I mentioned in my post about my contribution to the learning of others but I’ll reiterate it again – I really did believe that Twitter was a soapbox on which to stand as you yelled out into the abyss of the internet. I’ve learned otherwise over the course of this class. I have found my Twitter voice and developing a professional learning network that I feel comfortable to tap into and engage with.

Blogging was something I thought other people did. I didn’t feel like I had a reason to blog. Oh, boy was I wrong. I. Love. To. Blog. Having a space to share and think through the consideration associated with learning, tech and professional life is proving to be really valuable to me.

The content of my posts has been the real culmination of my learning through this course. I have big “take away” ideas and questions about how to help guide even our youngest students toward a healthy and positive “digital identity”. The questions this course has opened up for me are ones that don’t really have conclusive answers…but that’s kind of how I like my questions – never-ending wormholes to more learning!

I wrote and reflected about changing our educational paradigms, and about how – in a broad sense- we can rethink our classroom tools. The ideas we’ve covered has been both practical and esoteric. I appreciated that I have come away with a big picture understanding of my role in tech in education and also with knowledge about what practical classroom tools are available to me.

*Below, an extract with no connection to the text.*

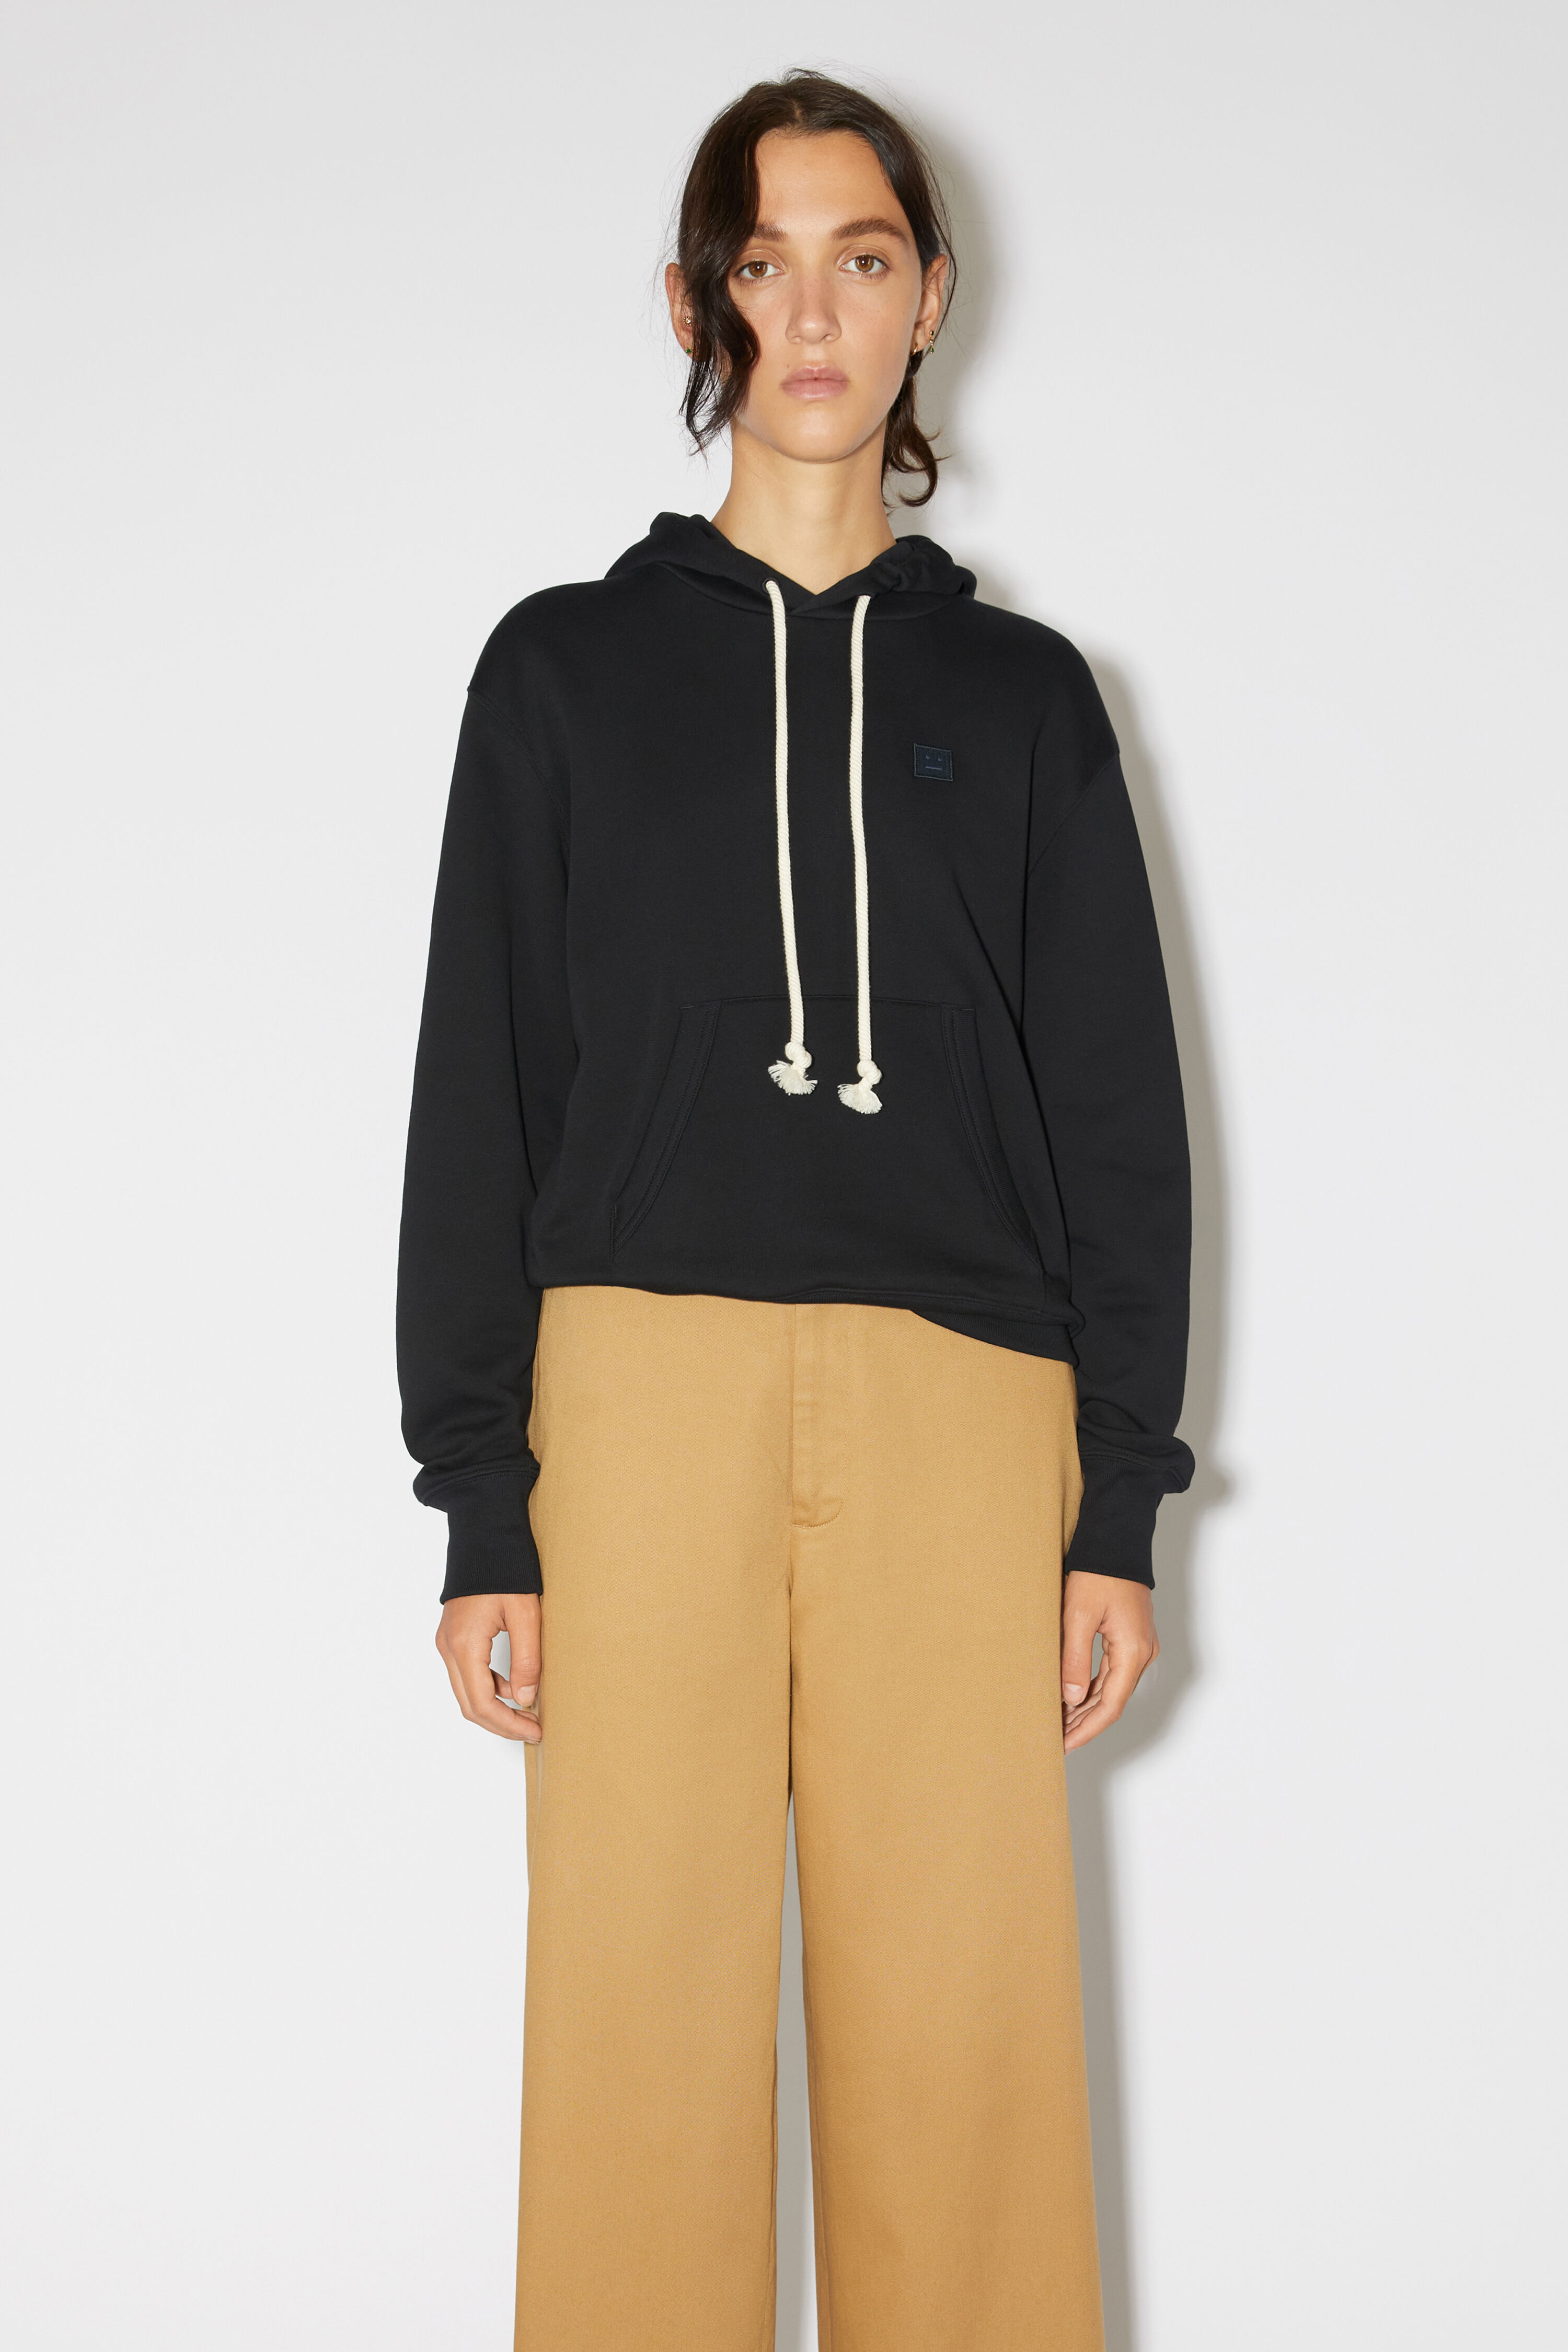 acne studios dog patch hoodie スウェット-
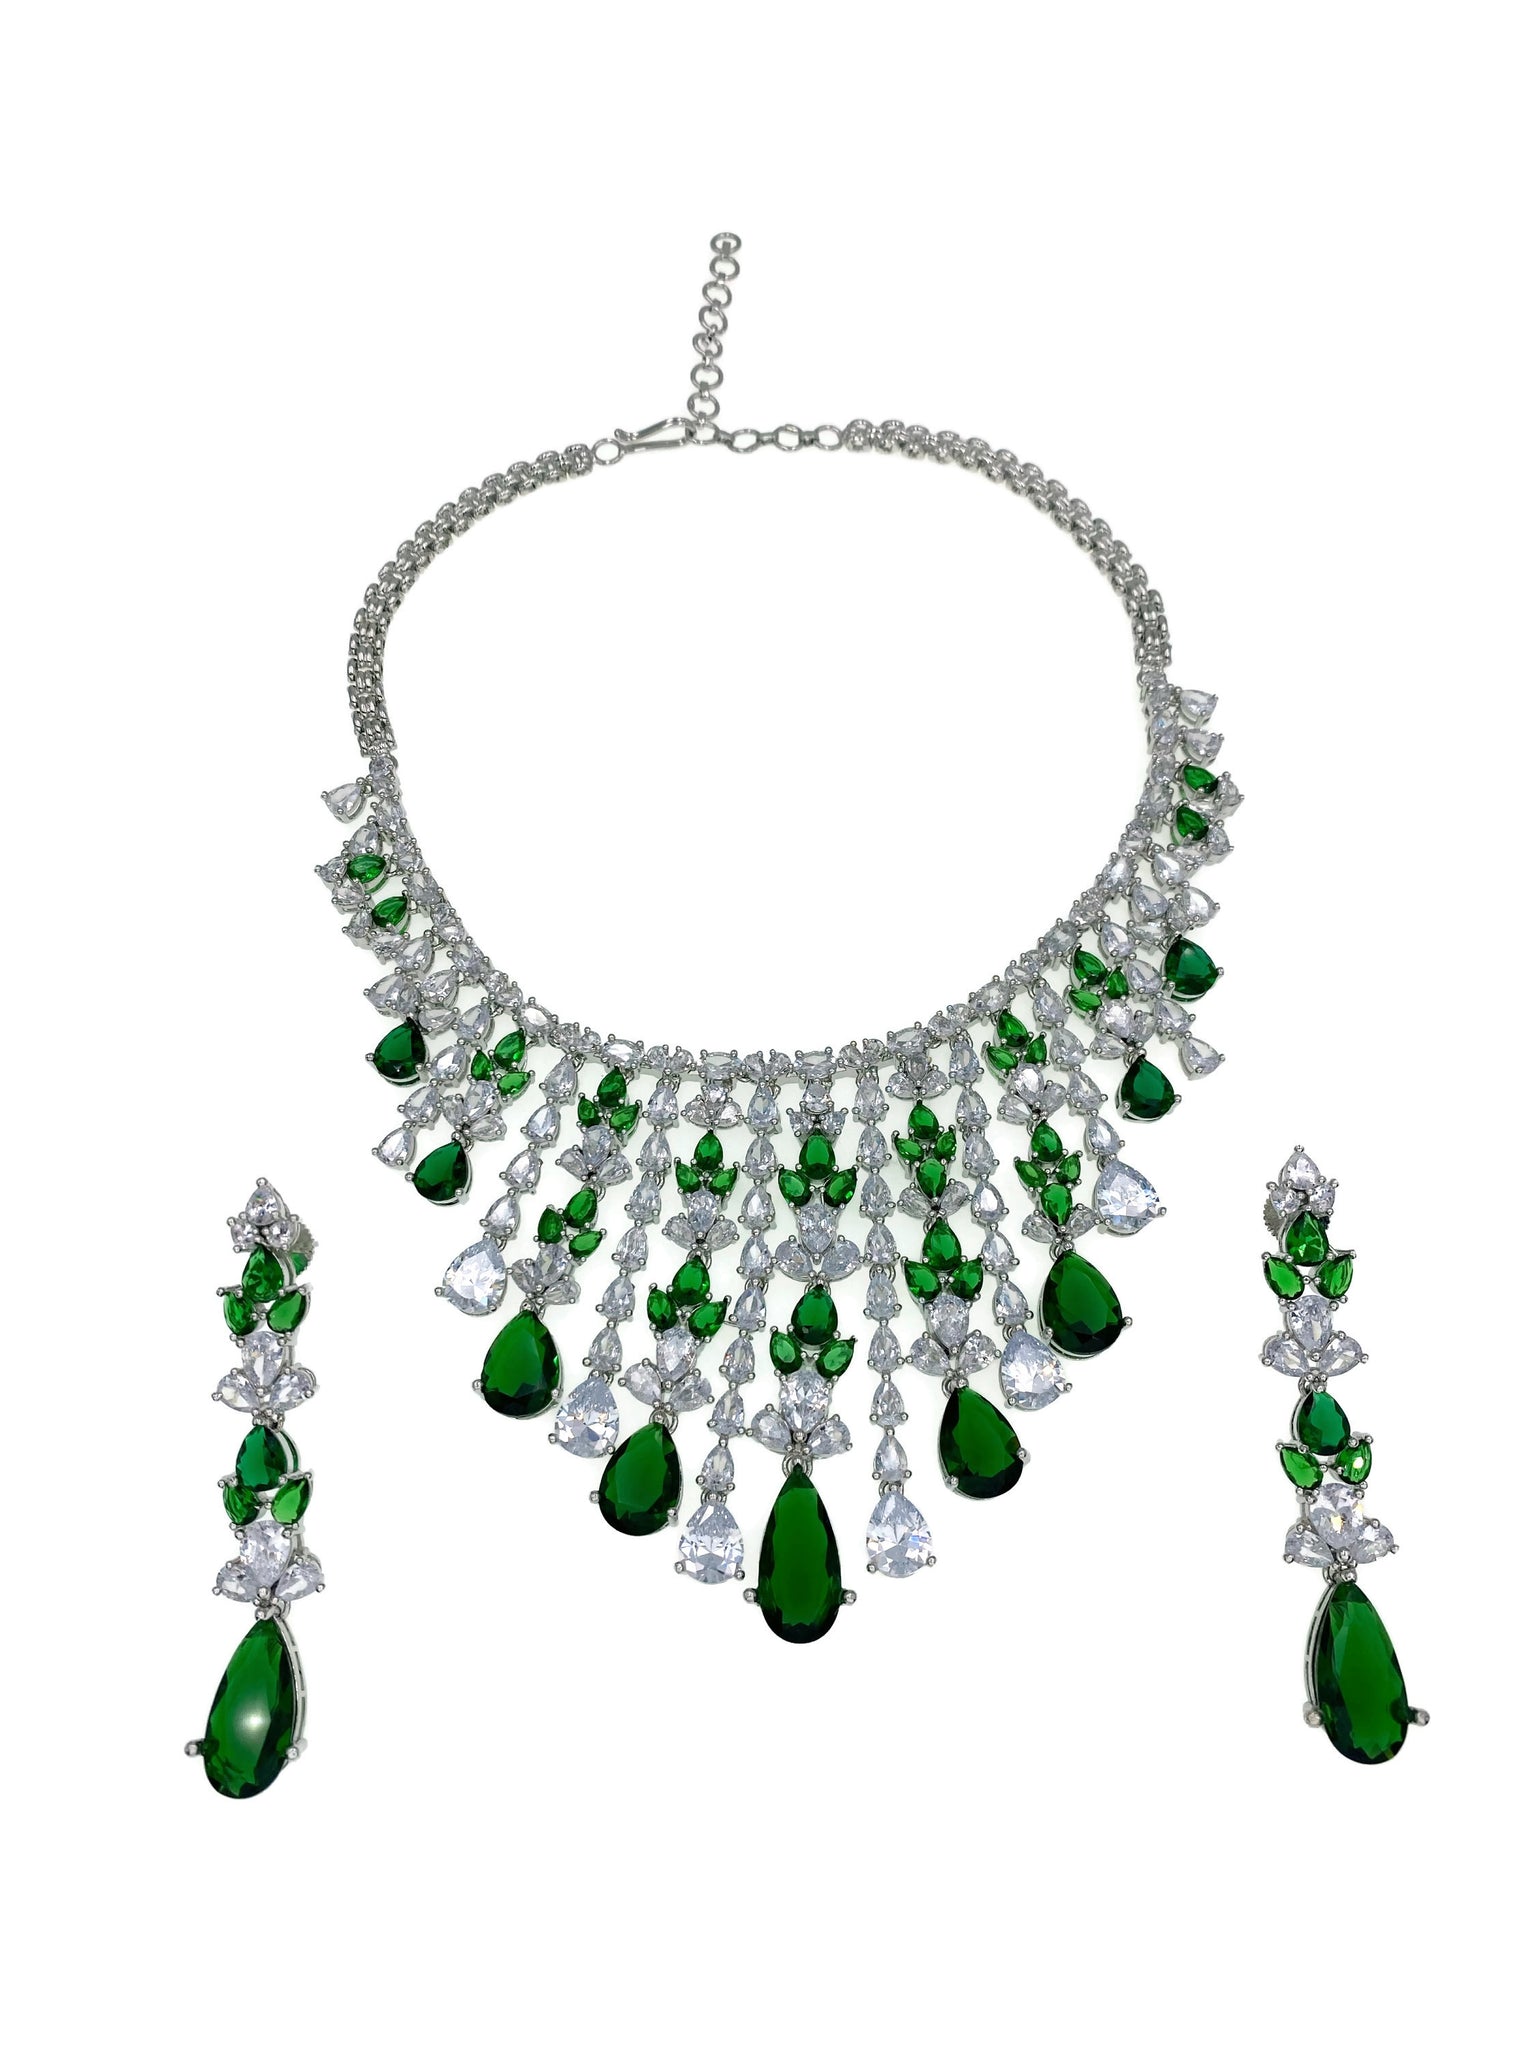 Emerald Diamondesque Cascading Jewels Necklace and Earrings full view

The consideration of ones digital identity is a new one for me. In adulthood I’ve felt like the best thing I can do is to just stay off social media platforms because it always felt to me like there was a risk in putting yourself out there. This class forced me to engage. And it wasn’t a bad thing. Jumping in with two feet and starting a blog and a Twitter account opened my eyes to the positive contribution I could make to the professional learning of others in my PLN’s but also it’s helped me understand how I can control my digital identity.

Responsible digital citizenship is an interesting thing that will continue to float around in my brain as a continue to work in elementary education. When we talk about “kids being online” we often infer that we’re talking about teens or preteens who are beginning to step into the complicated world of social media and the difficulties they face navigating their online social lives. In my own practice, I work with a younger segment of the population that is still forming social bonds in person; they are not yet diving into social media. I am grateful that I’m now cognizant of what lays ahead for this crew of Littles.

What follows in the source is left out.